⟨

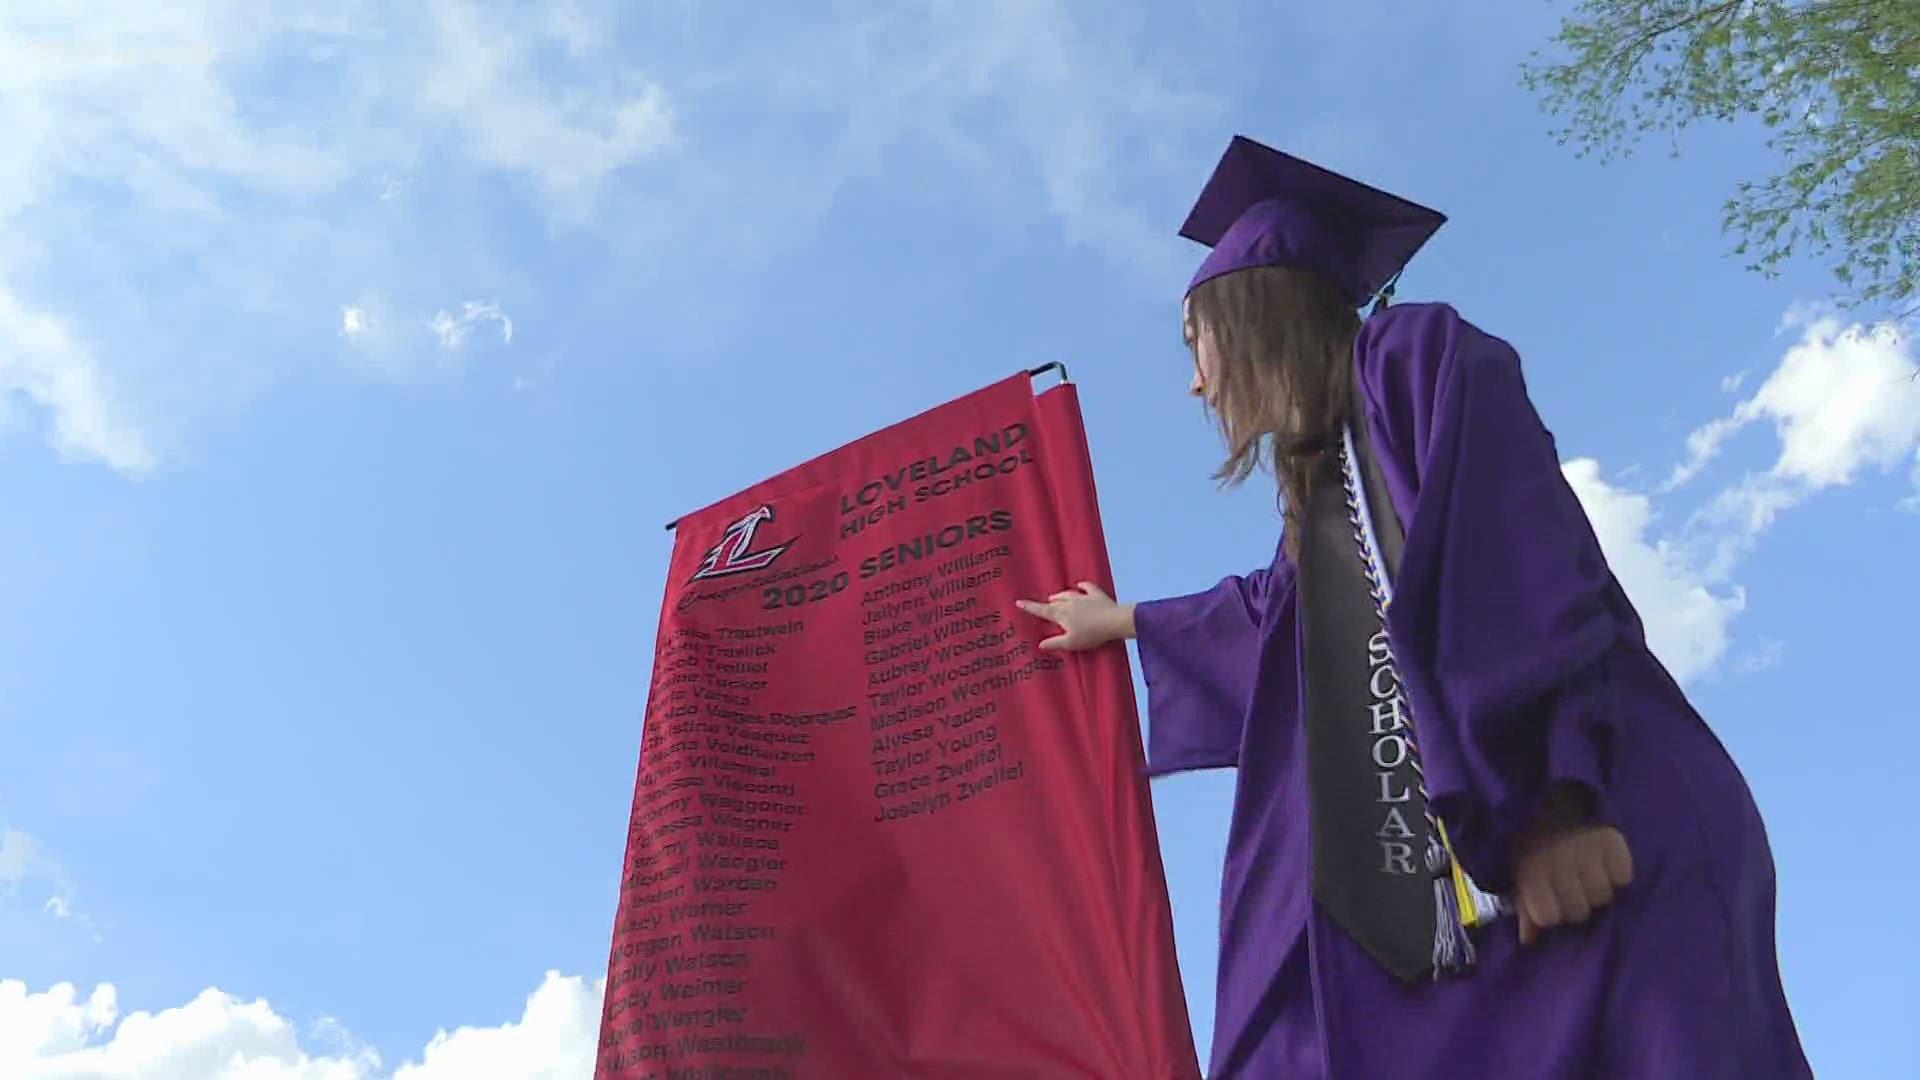 Loveland Halloween 2020 Rescheduled Graduate Walk of Honor' honors seniors in Loveland
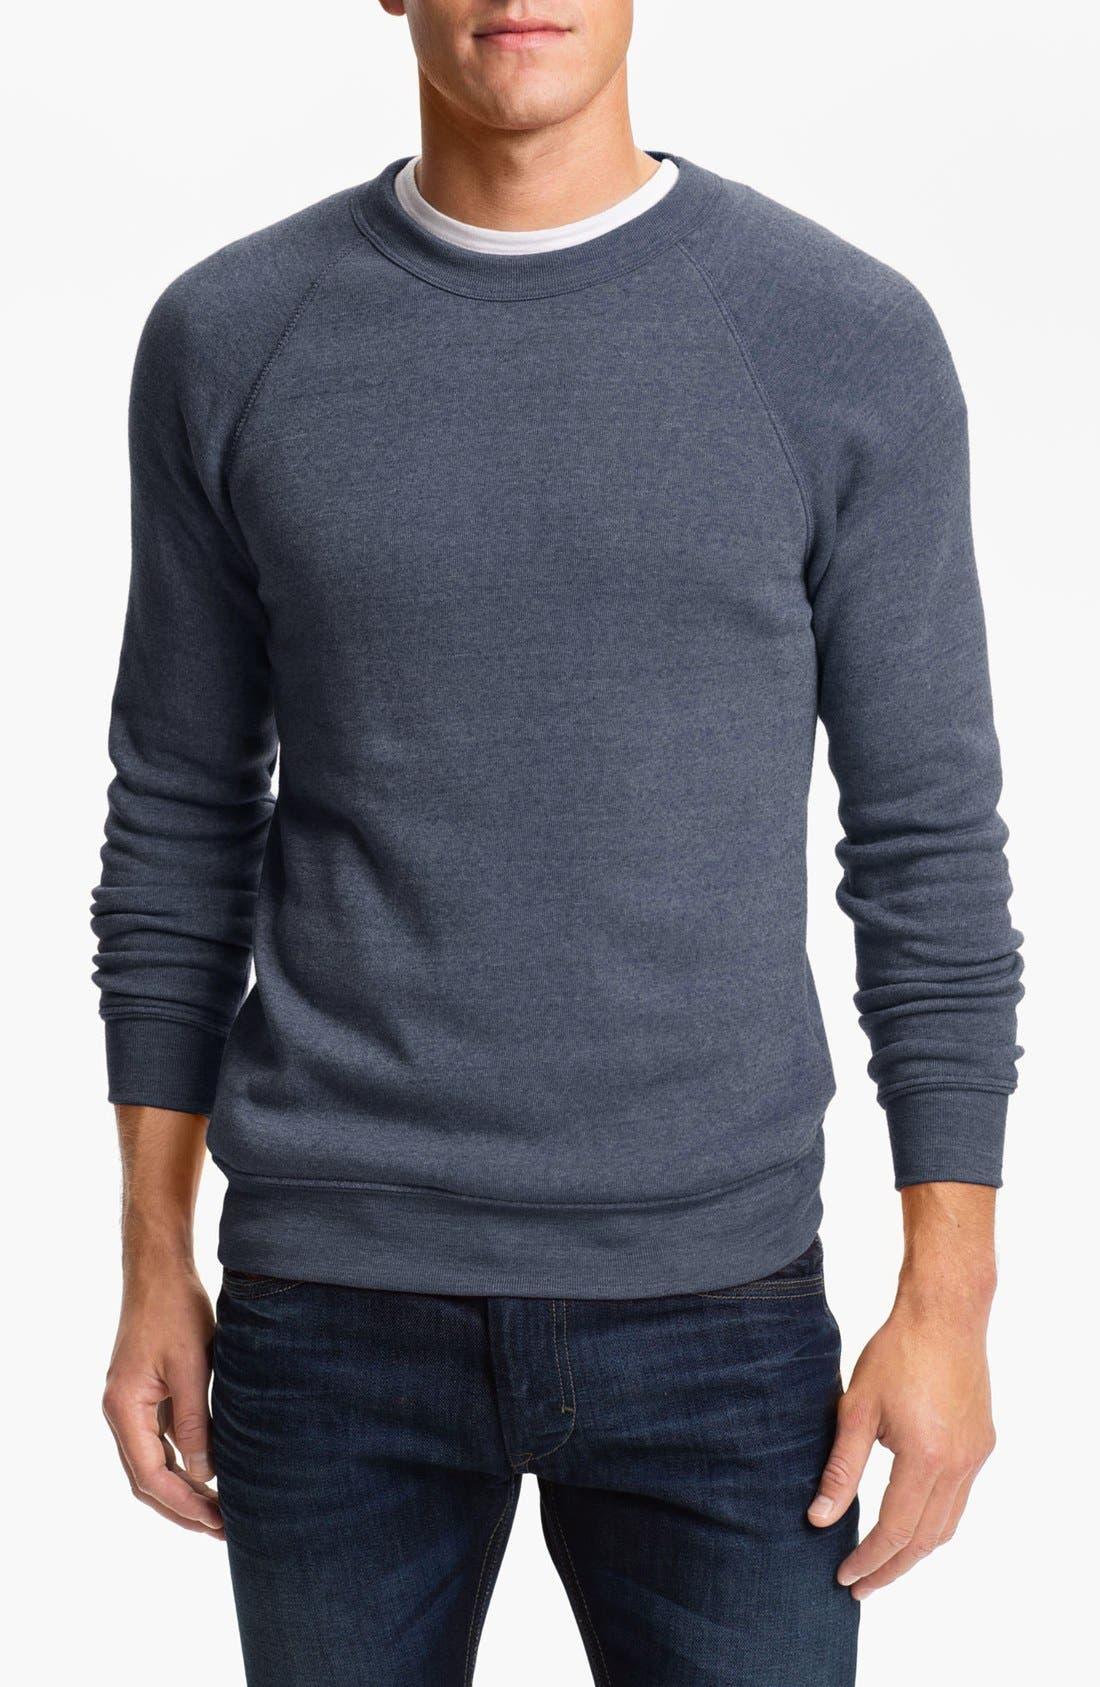 'The Champ' Sweatshirt,                             Main thumbnail 10, color,
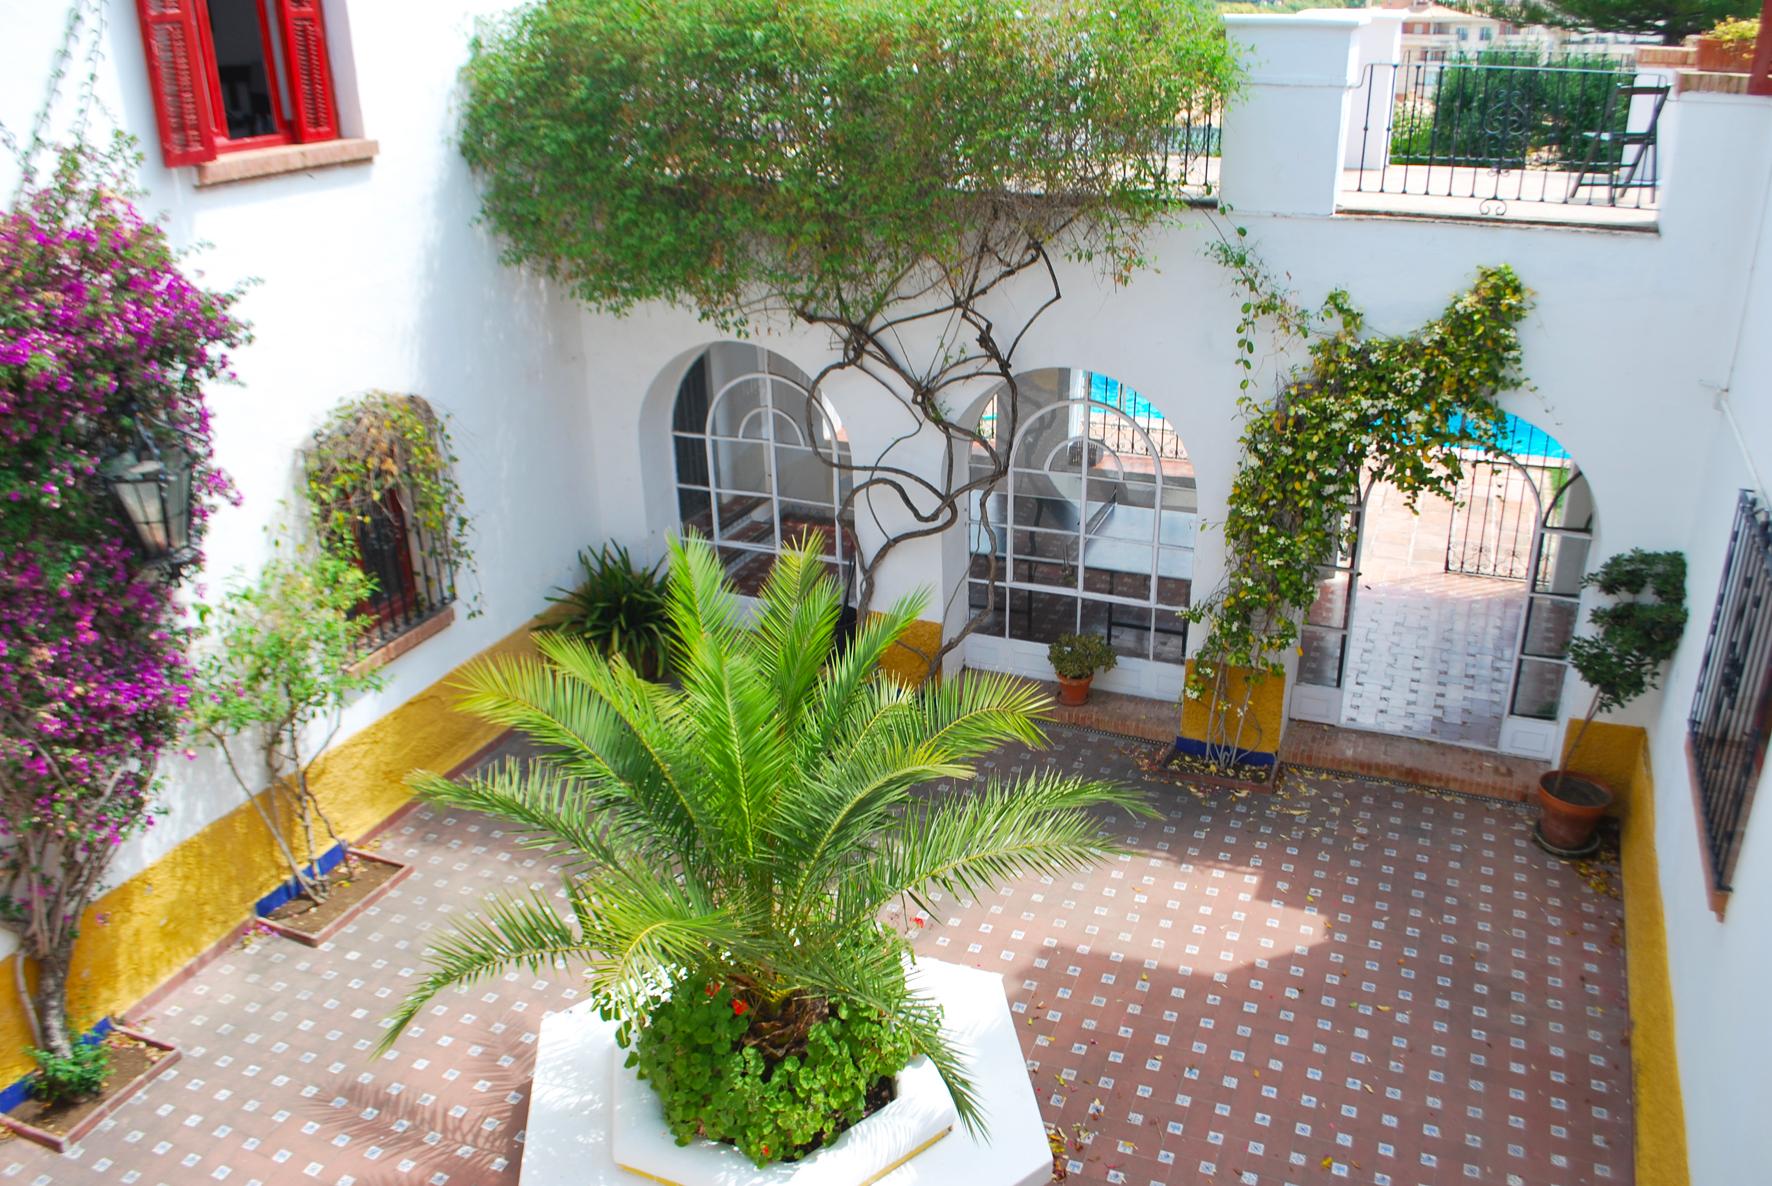 The central courtyard of Hacienda Clavero

⟩

What the task requires:
All of the data above needs to be retyped exactly, with the pictures removed.

Finished task:
 Loveland Halloween 2020 Rescheduled Graduate Walk of Honor' honors seniors in Loveland
 'The Champ' Sweatshirt,                             Main thumbnail 10, color,
 The central courtyard of Hacienda Clavero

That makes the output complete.